The task: Where a line below holds the string "this", that line goes into the answer.

Records for the exercise:
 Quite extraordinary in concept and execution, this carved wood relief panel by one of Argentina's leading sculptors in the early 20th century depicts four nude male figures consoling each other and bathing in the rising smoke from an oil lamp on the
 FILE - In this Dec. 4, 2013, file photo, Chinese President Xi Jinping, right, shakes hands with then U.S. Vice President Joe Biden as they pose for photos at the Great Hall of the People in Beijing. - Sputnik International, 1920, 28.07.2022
--
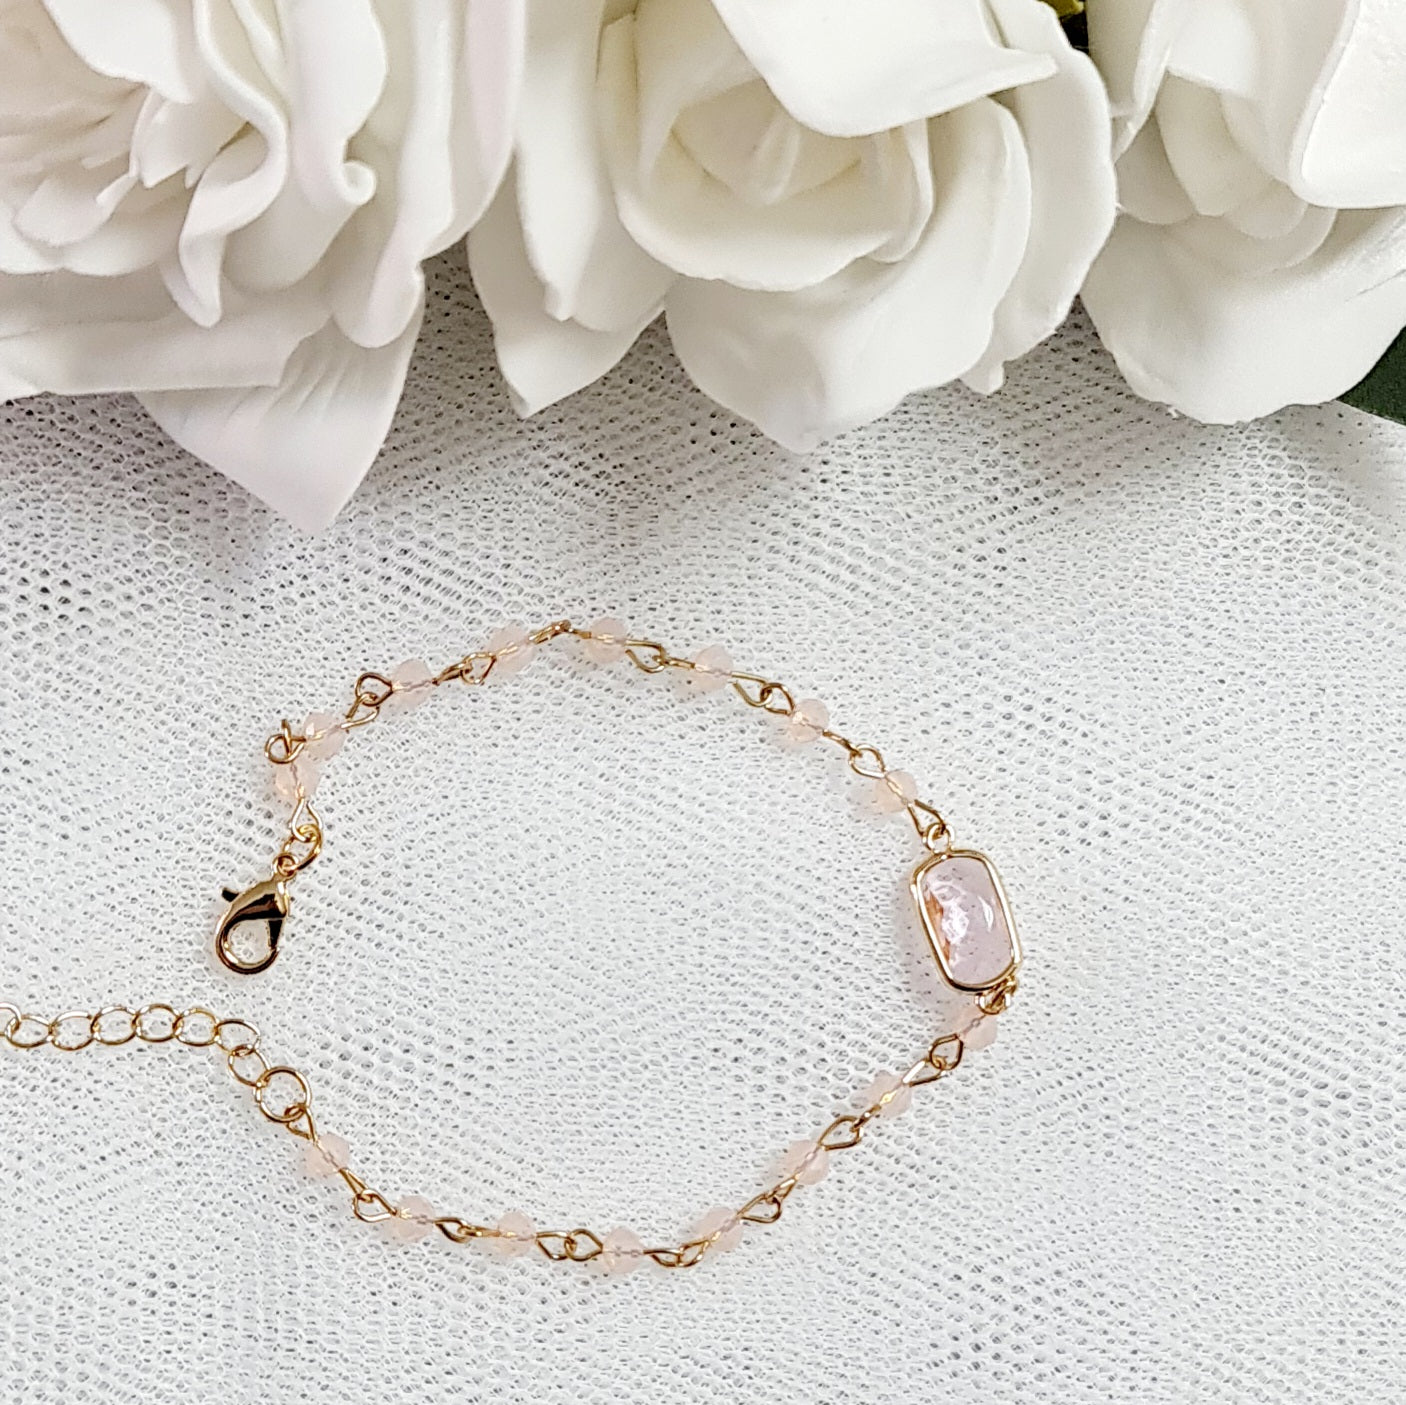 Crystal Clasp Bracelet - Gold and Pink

Exercise result:
 Quite extraordinary in concept and execution, this carved wood relief panel by one of Argentina's leading sculptors in the early 20th century depicts four nude male figures consoling each other and bathing in the rising smoke from an oil lamp on the
 FILE - In this Dec. 4, 2013, file photo, Chinese President Xi Jinping, right, shakes hands with then U.S. Vice President Joe Biden as they pose for photos at the Great Hall of the People in Beijing. - Sputnik International, 1920, 28.07.2022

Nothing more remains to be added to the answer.